Defendants argue that the Complaint should be dismissed because Plaintiff received adequate medical treatment while he was detained and, therefore, cannot establish that his constitutional right to adequate medical care was violated. Plaintiff admits that he was seen by medical professionals upon his complaint of back pain and he was prescribed medication to treat his discomfort. On July 12, 2004, Plaintiff was seen by a nurse who recommended that Plaintiff be placed on a bottom bunk and be scheduled to see a physician. (Doc. No. 6 at ¶ 18.) On July 14 and 15, 2004, Plaintiff was treated by a physician assistant who prescribed medication to treat Plaintiff's discomfort. On August 23, 2004, Plaintiff submitted a complaint to the Inmate Complaint Review System, and subsequently, ICE approved Plaintiff's request for a surgical consultation with an orthopedic surgeon. (Id. at ¶ 22.) On October 1, 2004, Plaintiff was evaluated by an orthopedic surgeon who refused to perform surgery due to fear of further neurological complications. (Id. at ¶ 23.)

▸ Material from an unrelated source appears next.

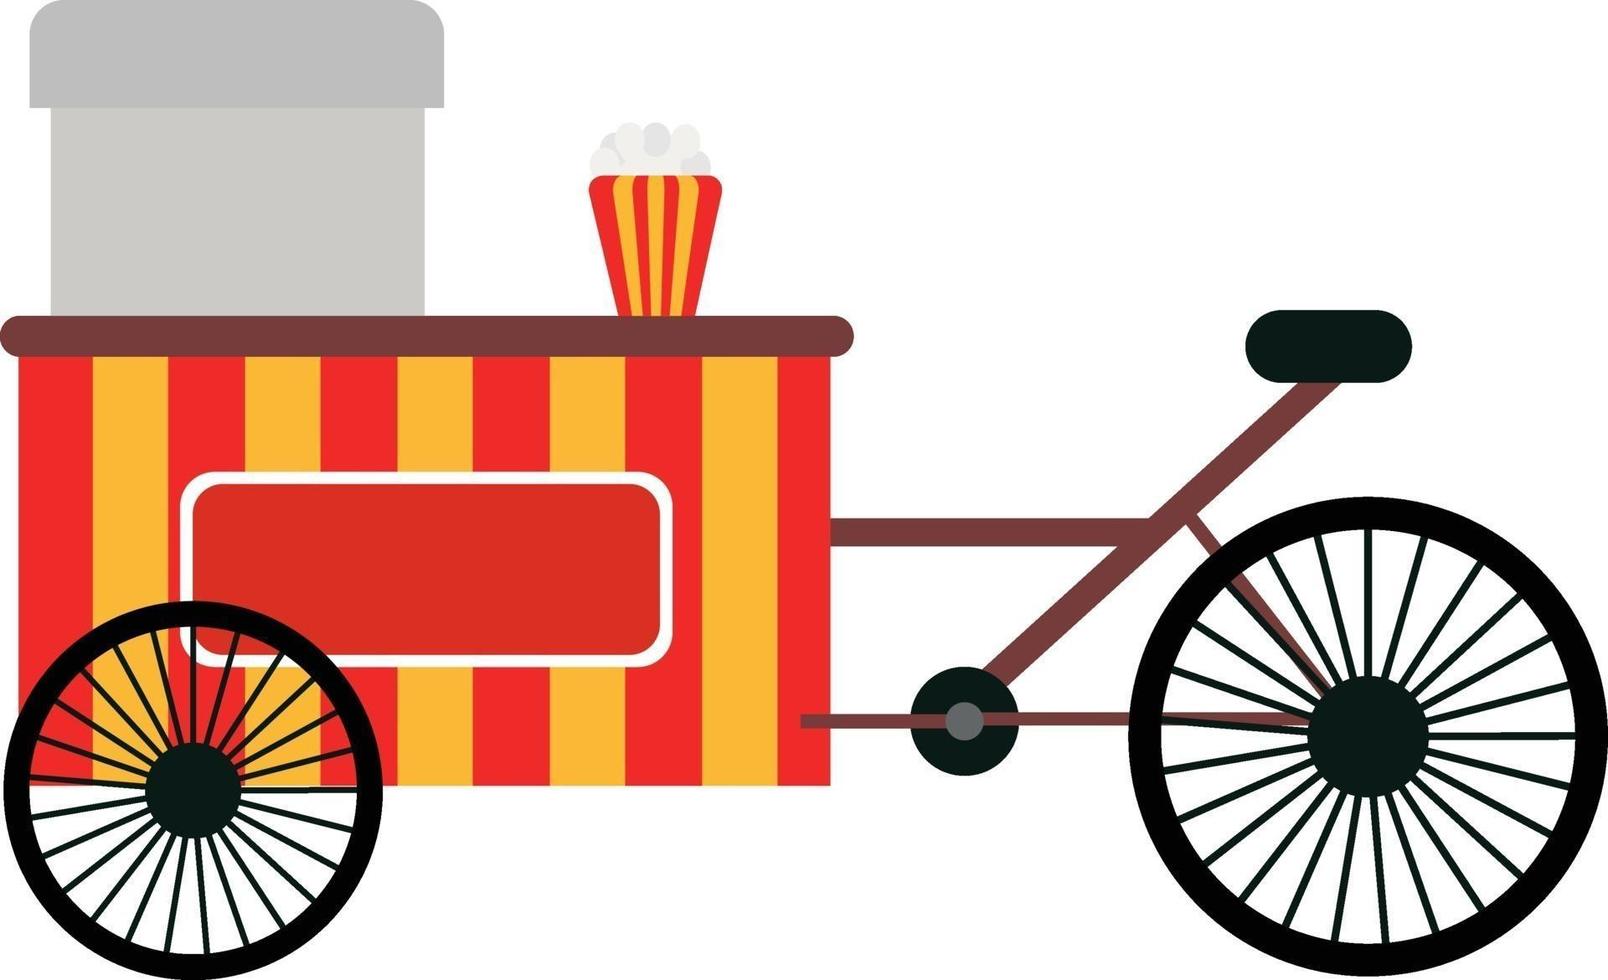 Popcorn stand, illustration, vector on a white background.

It is clear from Plaintiff's allegations that Defendants provided him with medical care. Plaintiff's allegations do not give rise to a claim of deliberate indifference; rather Plaintiff merely disagrees with the course of treatment provided to him. "`Where a[n] [inmate] has received some medical attention and the dispute is over the adequacy of the treatment, federal courts are generally reluctant to second guess medical judgment and to constitutionalize claims which sound in state tort law.'" United States ex rel. Walker v. Favette County, 599 F.2d 573, 575 n. 2 (3d Cir. 1979) (quoting Westlake v. Lucas, 537 F.2d 857, 860 n. 5 (6th Cir. 1976)); see also Parham v. Johnson, 126 F.3d 454, 458 n. 7 (3d Cir. 1997) (it is "well-established law in this and virtually every circuit that actions characterizable as medical malpractice do not rise to the level of `deliberate indifference'"). Thus "physicians' decisions not to perform particular tests or diagnostic measures on a[n] [inmate] will not support a § 1983 claim." Thomas v. Zinkel, 155 F. Supp 2d 408, 411 (E.D. Pa. 2001) (citing Estelle v. Gamble, 429 U.S. 97, 107 (1976)). Accordingly, the Complaint's allegations do not give rise to a valid claim for inadequate medical care under the Fourteenth Amendment and therefore, Defendants' motions to dismiss will be granted.
IV. CONCLUSION
Based on the foregoing, the Court concludes that Defendants' motions to dismiss pursuant to Rule 12(b)(6) of the Federal Rules of Civil Procedure will be granted. As a general rule, a court should allow a plaintiff leave to amend a complaint prior to dismissal. However, dismissal without leave to amend is permissible where amendment would be futile. Alston v. Parker, 363 F.3d 229, 235 (3d Cir. 2004). Because Plaintiff received the medical attention owed to him under the Eighth Amendment, the Court finds that leave to amend the Complaint would be futile. V. ORDER AND NOW, on this 8th day of February, 2006, upon consideration of the foregoing, IT IS HEREBY ORDERED THAT Defendants' motions to dismiss (Doc. Nos. 20, 22) are GRANTED and Plaintiff's Amended Complaint (Doc. No. 6) is DISMISSED. The Clerk of Court is directed to close the file.